IRVING – Leaders of different faiths stood united earlier this week in Texas to send a message of solidarity to Muslims and immigrants, rejecting the looming temporary ban on many refugees issued by President Donald Trump.

“We will not tolerate it,” said Imam Omar Suleiman in a news conference in Irving, a city with a large concentration of Muslims and foreign-born people, Dallas News reported on Thursday, January 26.

“I invite any one of our government officials or our neighbors to get to know us in the spirit of friendship, not suspicion.”

Imam Suleiman, a popular Muslim religious leader in Texas and the US, stood surrounded by supporters from other faiths, immigration activists and Democratic Party leaders.

Coming before the Texas Muslim Capitol Day on Jan. 31, it was called after state Rep. Kyle Biederann, a Republican in Fredericksburg, sent a letter to Muslim leaders asking them to sign a pledge repudiating “institutionalized Shari`ah” and support for secular governance and democracy.

 Immigration activist Carlos Quintanilla addresses a crowd outside Irving City Hall. (Tom Fox/Staff Photographer)

Immigration activist Carlos Quintanilla addresses a crowd outside Irving City Hall. (Tom Fox/Staff Photographer)

Then, Irving Mayor Beth Van Duyne’s name appeared on a flier as a speaker this Thursday at a security seminar sponsored by Biedermann with the subtitle “Defending Against Radical Islamic Terrorism in Texas.”

About a dozen activists and faith leaders gathered outside Irving City Hall to ask that Van Duyne not participate in a seminar they said unfairly targets Muslims.

The Rev. Michael Waters of the Joy Tabernacle African Methodist Episcopal Church in Dallas drew parallels between Biedermann’s poll and literacy tests that African-Americans were required to take to vote in the South in past decades.

Those “Jim Crow” laws were designed to curb black participation in American democracy.

“We are mindful of the wise words of the Rev. Martin Luther King Jr.,” Waters said.

“They echo forth even to this day to declare that injustice anywhere is a threat to justice everywhere. We must resist.”

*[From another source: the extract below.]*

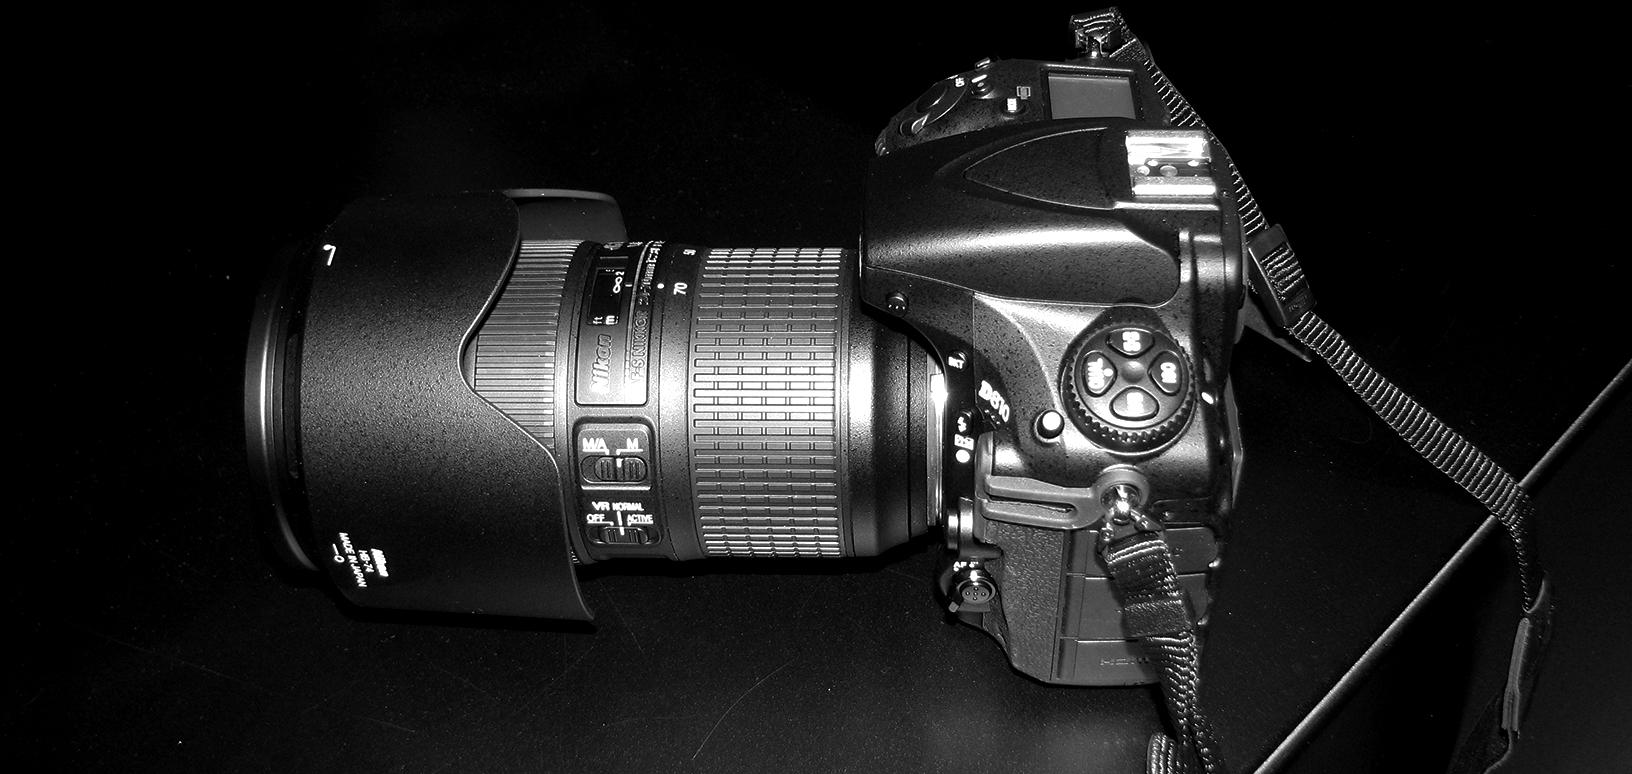 macchina fotografica Nikon 810

Suleiman said the rapid flow of executive orders by Trump is “so overwhelming.”

“If he thinks he can do this without heavy challenges because he has a Republican government, he is wrong,” he added.

Muslims make up 1% of America’s 322 million population, according to Pew Research center.

News of expected Muslim ban was reported by Reuters on Tuesday, citing congressional aides who said that Trump was expected to sign executive orders that limited immigration for refugees “and some visa holders from Iraq, Iran, Libya, Somalia, Sudan, Syria and Yemen.”